▸ **AIM OF THE EXERCISE**: Repeat the lines below exactly as they appear, but leave out the images.
═══ SUPPLIED INFORMATION
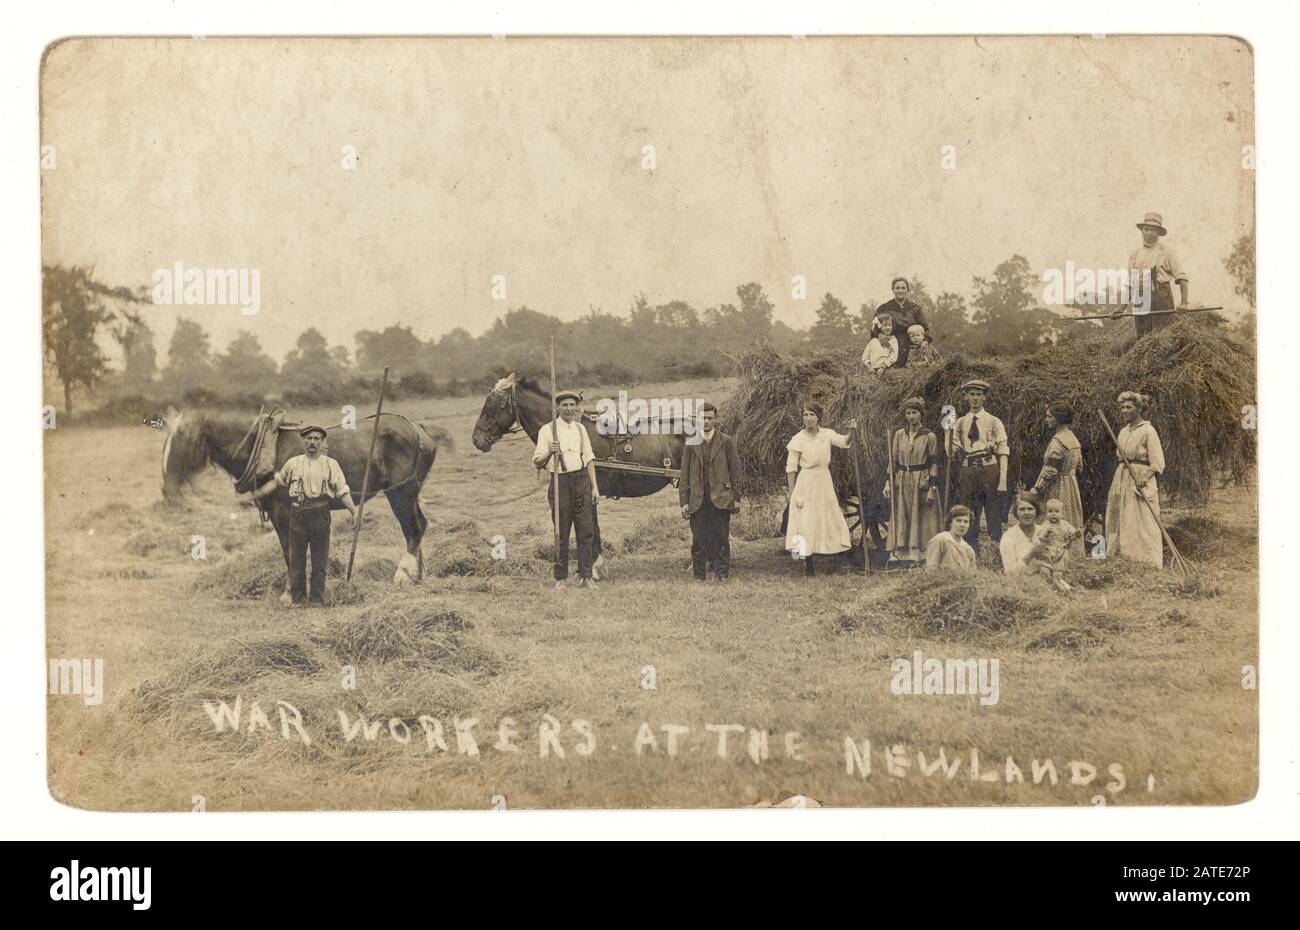 Postkarte aus der 1. Ära von Landarbeitern mit mehreren Land-Girls, die Land-Army-Armbänder tragen, um sie von den Landarbeitern zu unterscheiden und zu zeigen, dass sie sich im aktiven Kriegsdienst befinden. Foto aufgenommen in Newlands, ca. 1917, Großbritannien Stockfoto
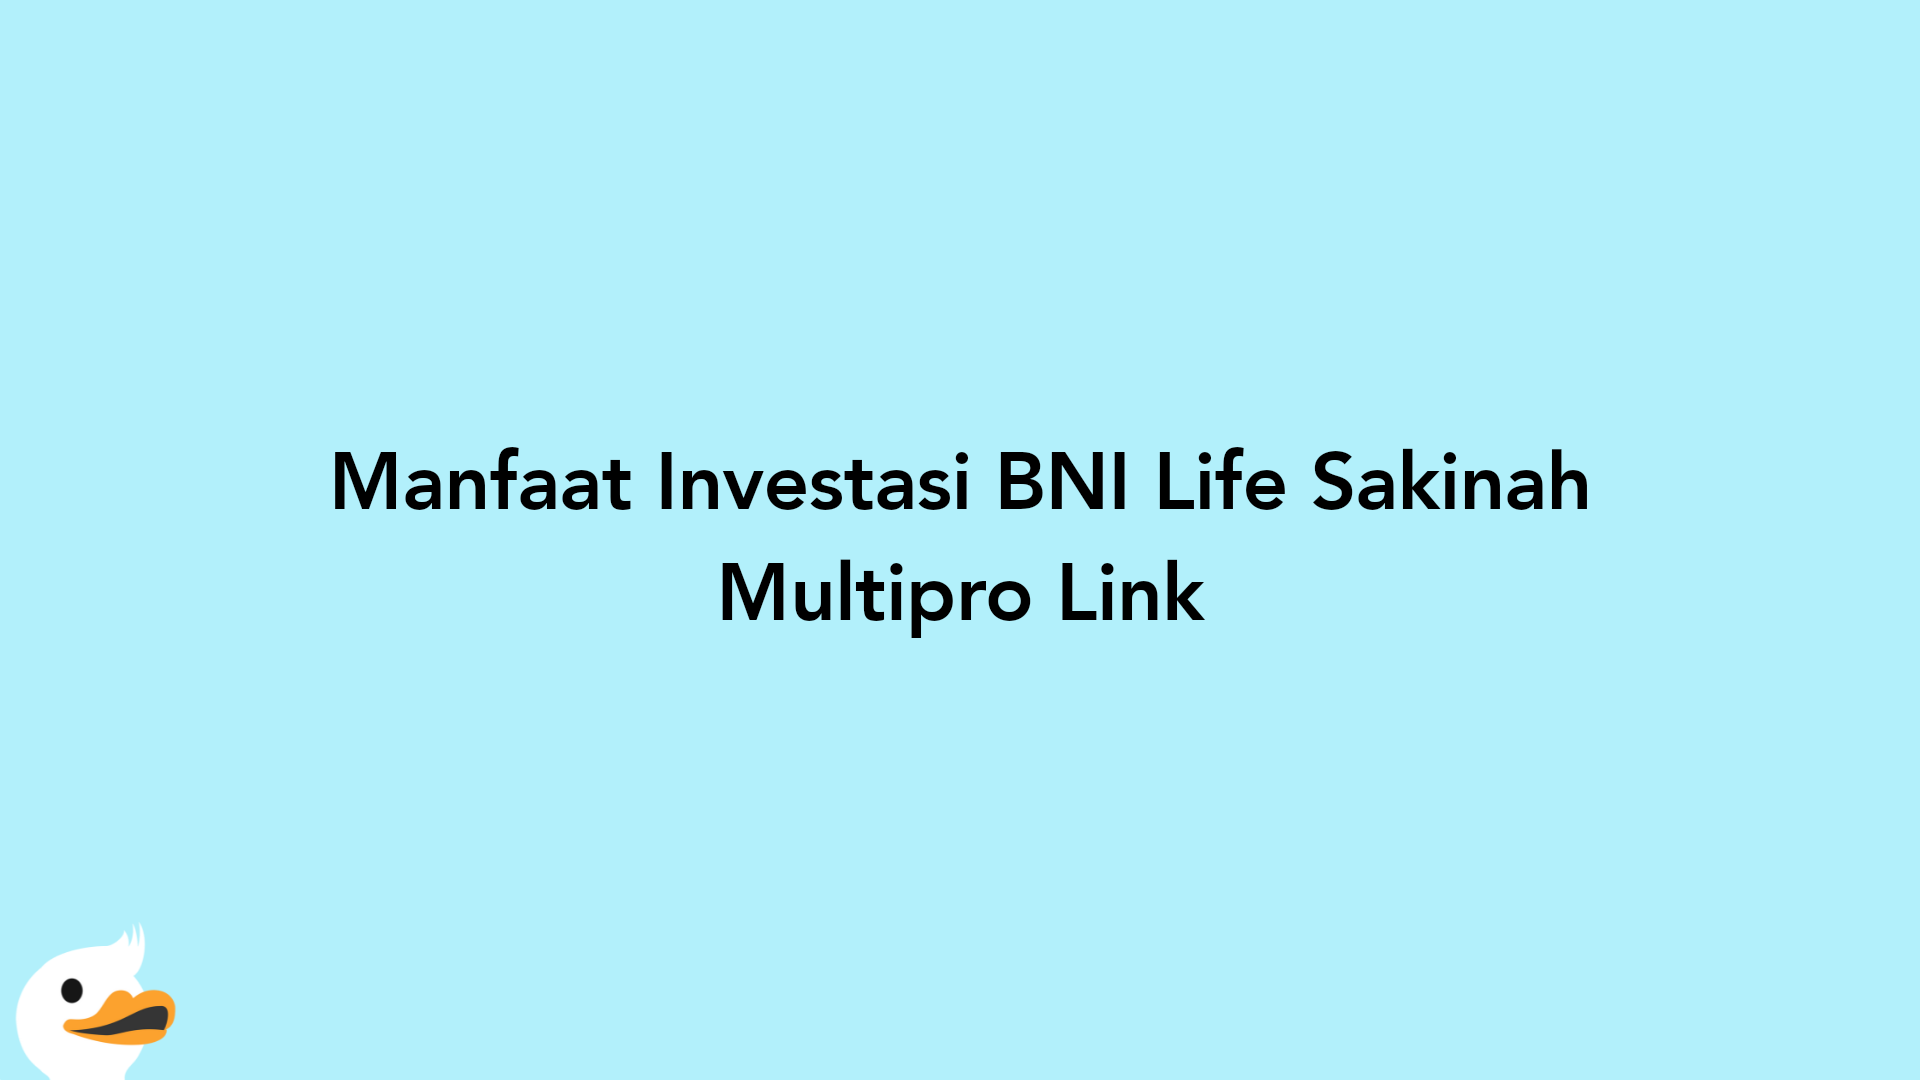 Manfaat Investasi BNI Life Sakinah Multipro Link
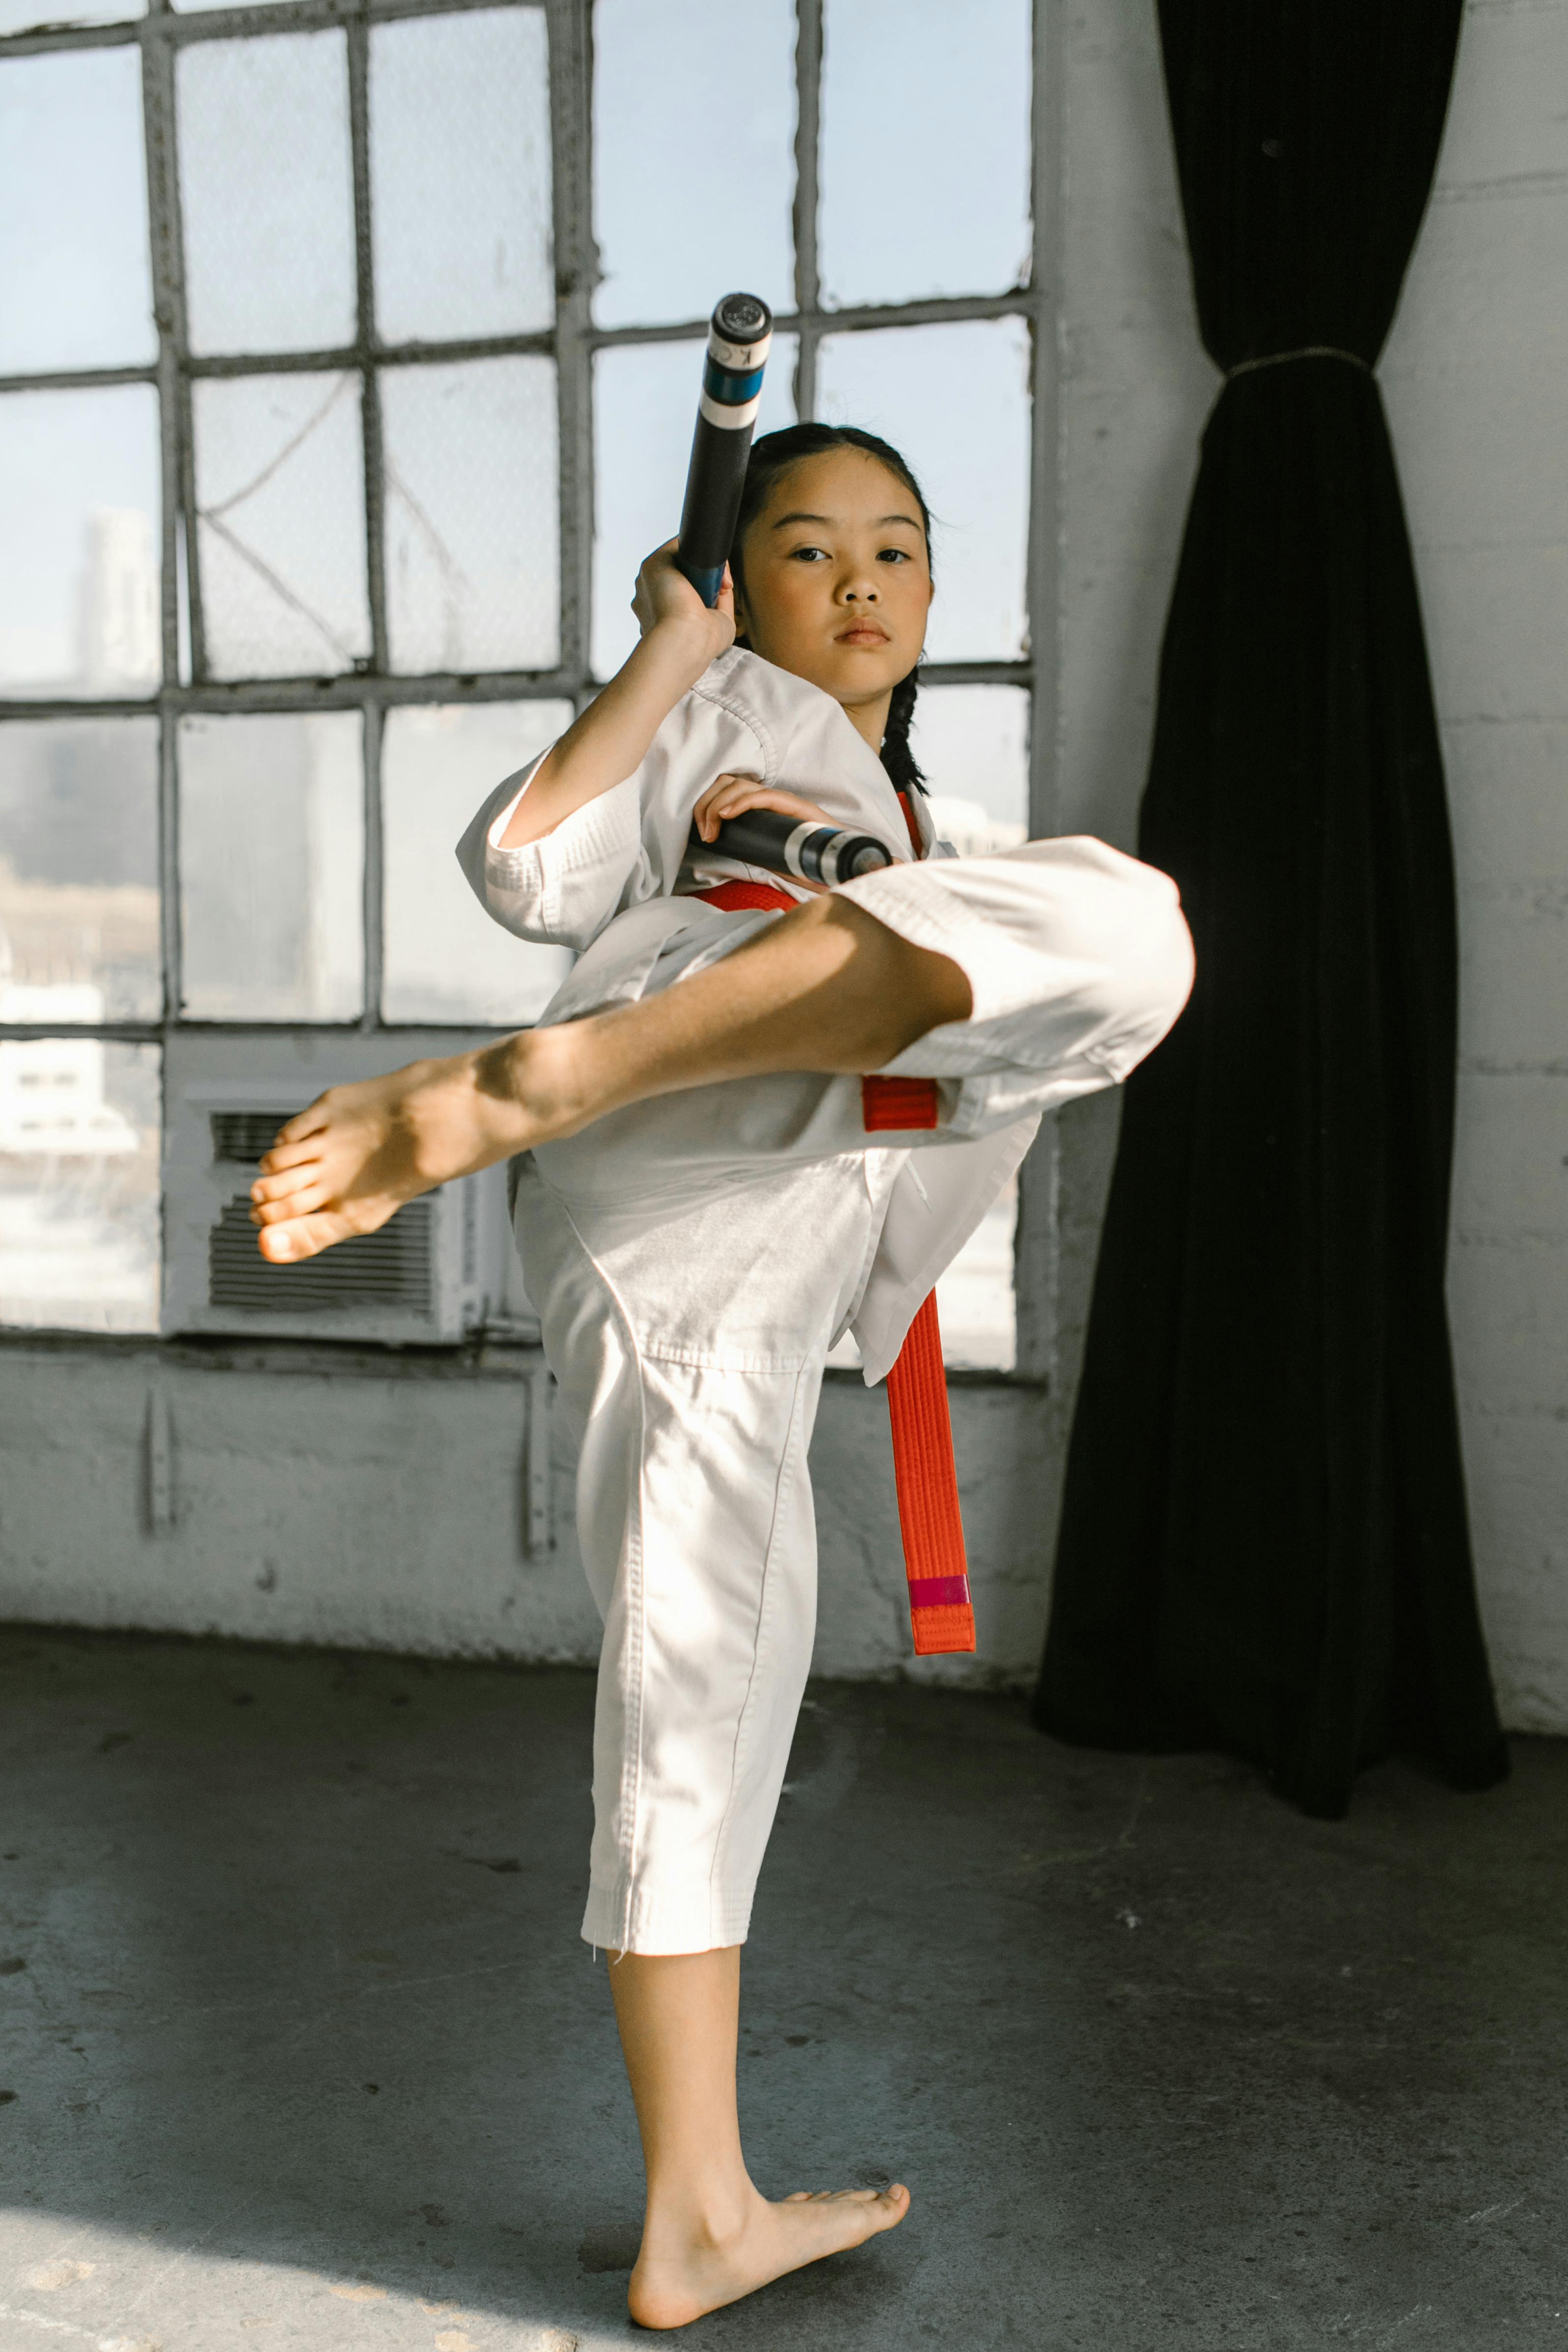 Karate Đá Hình ảnh Sẵn có - Tải xuống Hình ảnh Ngay bây giờ - Karate, Nền  đen, Bảo vệ - Khái niệm - iStock
══════
▸ **REPLY TO THE EXERCISE**:
 Postkarte aus der 1. Ära von Landarbeitern mit mehreren Land-Girls, die Land-Army-Armbänder tragen, um sie von den Landarbeitern zu unterscheiden und zu zeigen, dass sie sich im aktiven Kriegsdienst befinden. Foto aufgenommen in Newlands, ca. 1917, Großbritannien Stockfoto
 Manfaat Investasi BNI Life Sakinah Multipro Link
 Karate Đá Hình ảnh Sẵn có - Tải xuống Hình ảnh Ngay bây giờ - Karate, Nền  đen, Bảo vệ - Khái niệm - iStock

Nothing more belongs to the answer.